THE TASK —
Go to the line with "Men's T-shirts Cotton" in the records below, then output it and each following line exactly, up to and including the line with "uploads/multimidia/20180626062420-drogaria.jpg". Skip pictures and add nothing.

*** Opening RECORDS TO USE ***

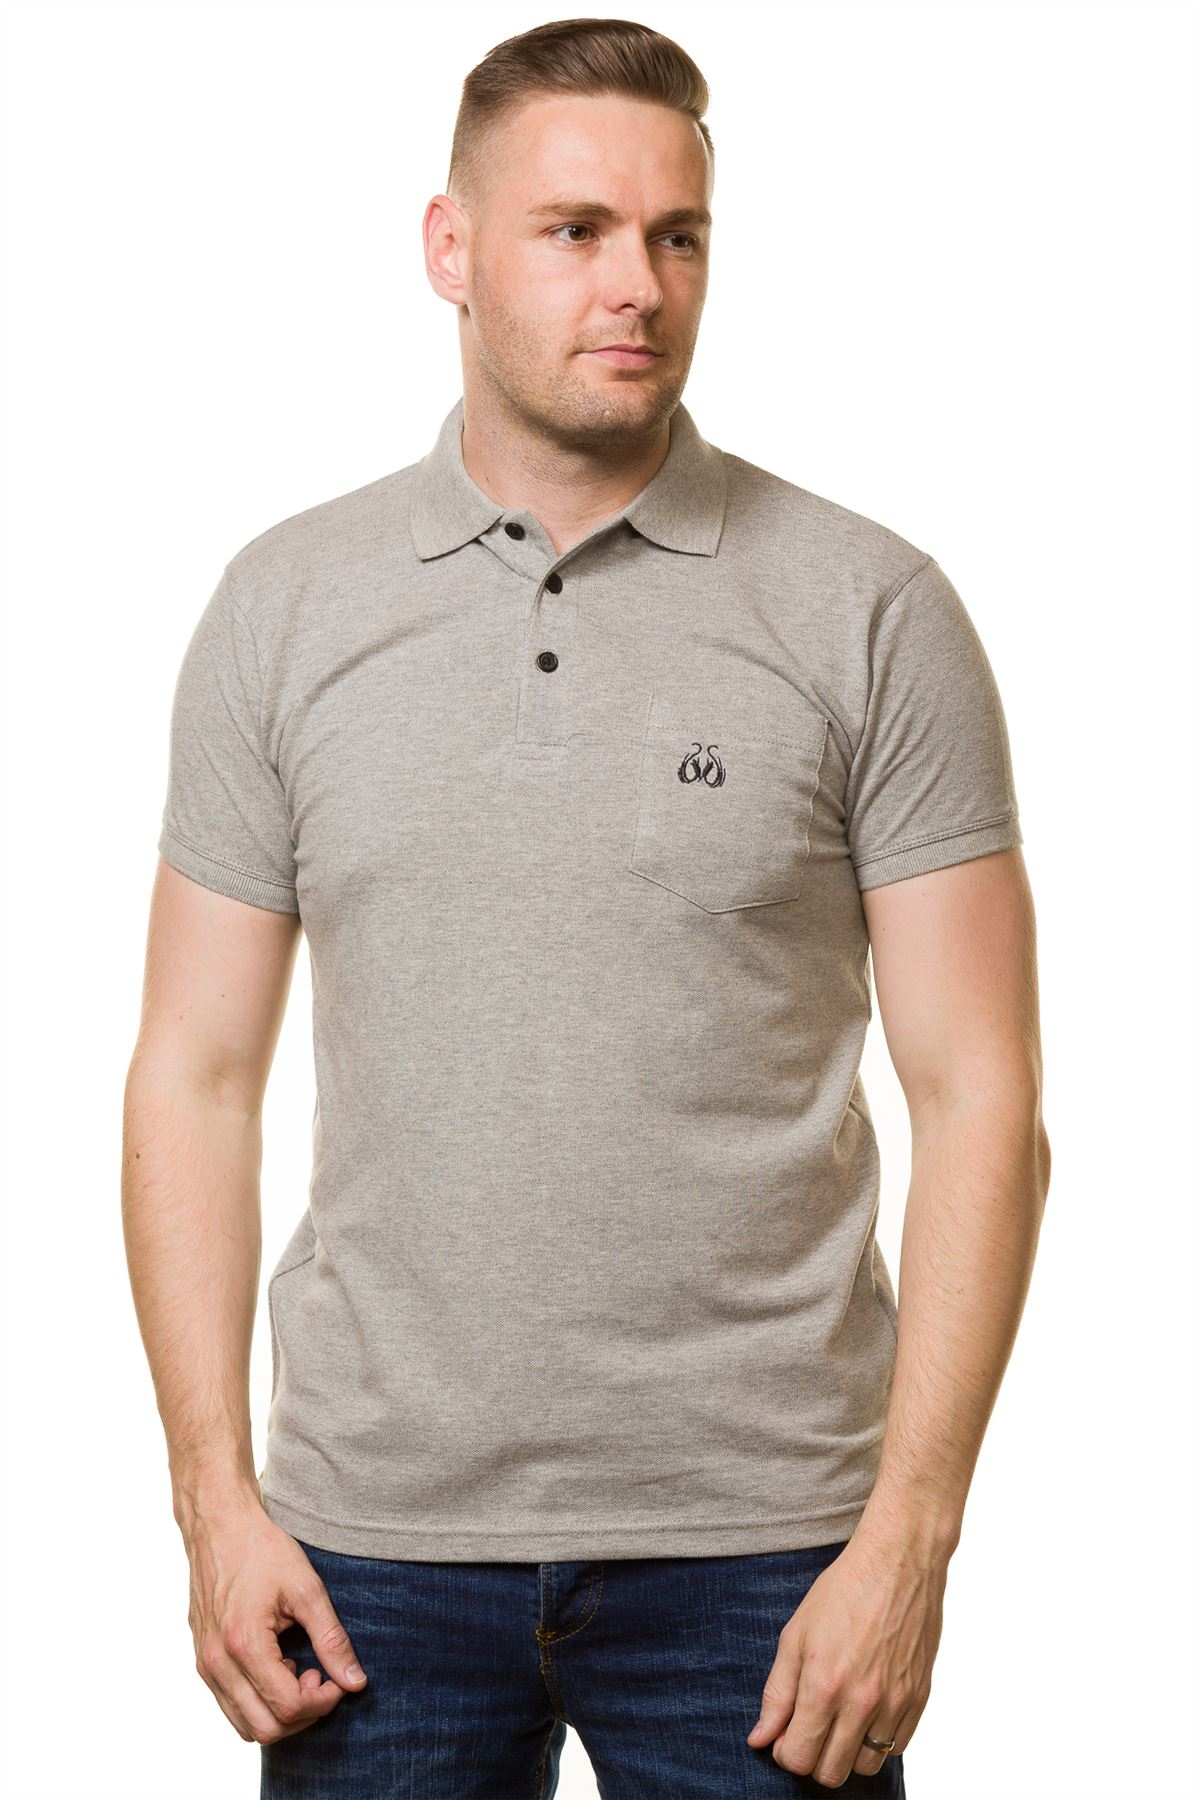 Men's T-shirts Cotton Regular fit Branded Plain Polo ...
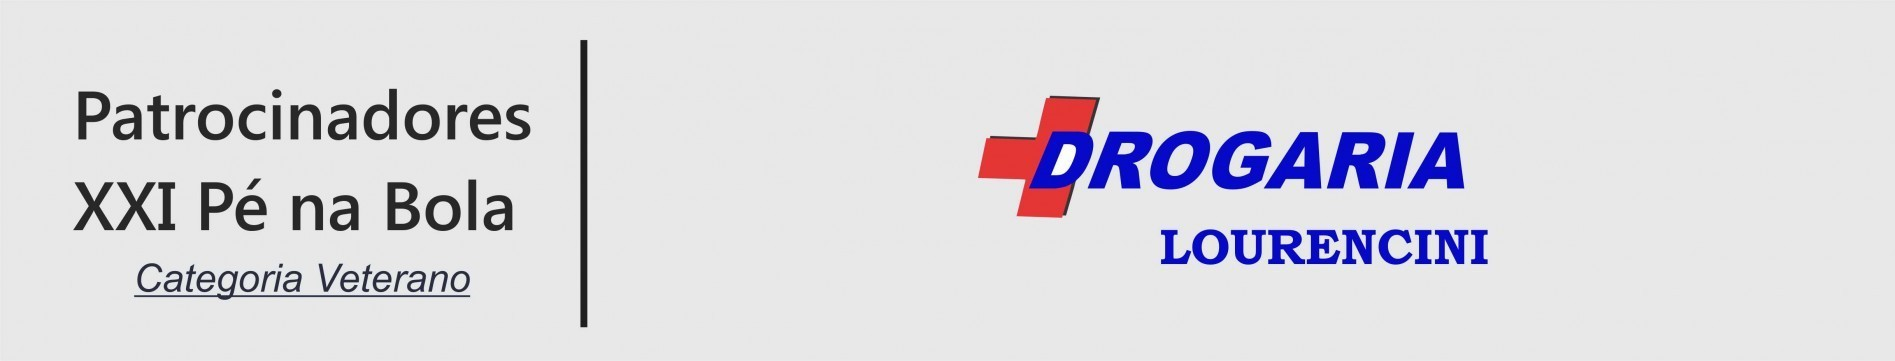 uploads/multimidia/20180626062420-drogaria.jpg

*** Closing RECORDS TO USE ***
*** Opening RECORDS TO USE ***

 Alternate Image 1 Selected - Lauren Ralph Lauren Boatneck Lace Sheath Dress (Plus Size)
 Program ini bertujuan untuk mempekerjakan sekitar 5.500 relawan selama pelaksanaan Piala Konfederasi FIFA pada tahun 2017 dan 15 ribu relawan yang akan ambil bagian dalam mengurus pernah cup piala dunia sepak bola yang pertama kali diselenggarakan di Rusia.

*** Closing RECORDS TO USE ***
*** Opening RECORDS TO USE ***

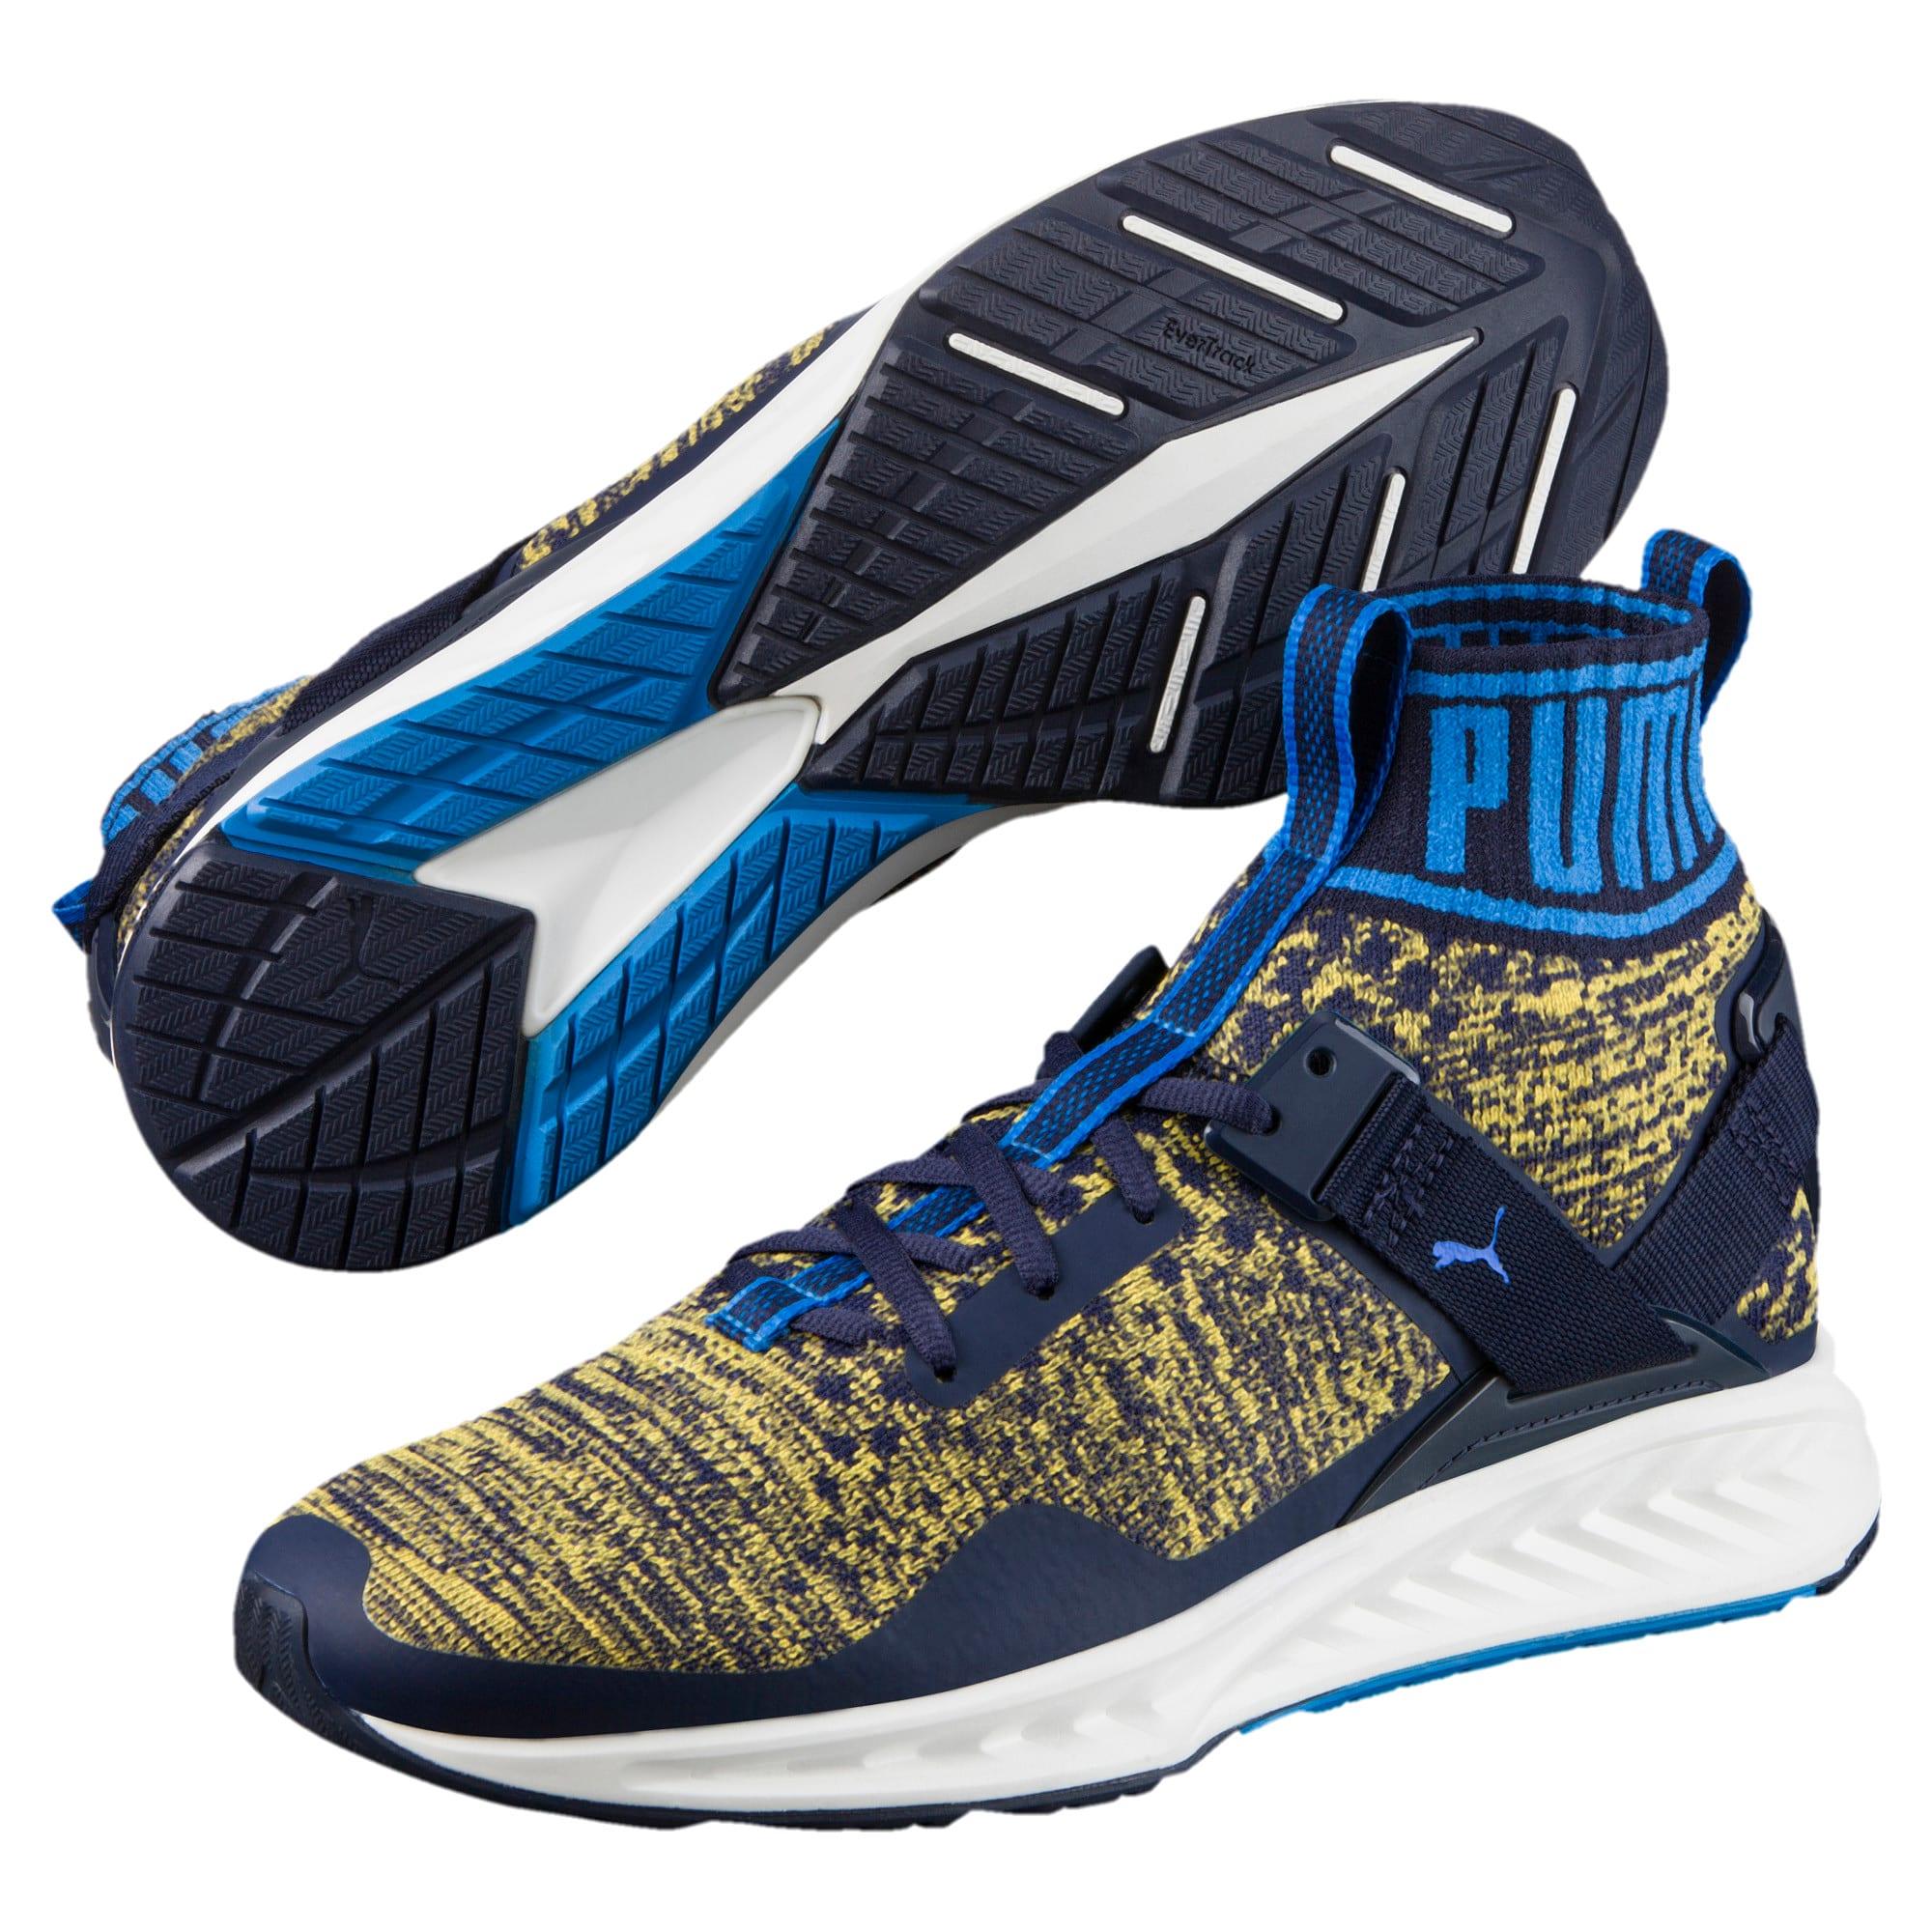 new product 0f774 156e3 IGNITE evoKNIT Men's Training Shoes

*** Closing RECORDS TO USE ***

EXERCISE RESULT —
 Men's T-shirts Cotton Regular fit Branded Plain Polo ...
 uploads/multimidia/20180626062420-drogaria.jpg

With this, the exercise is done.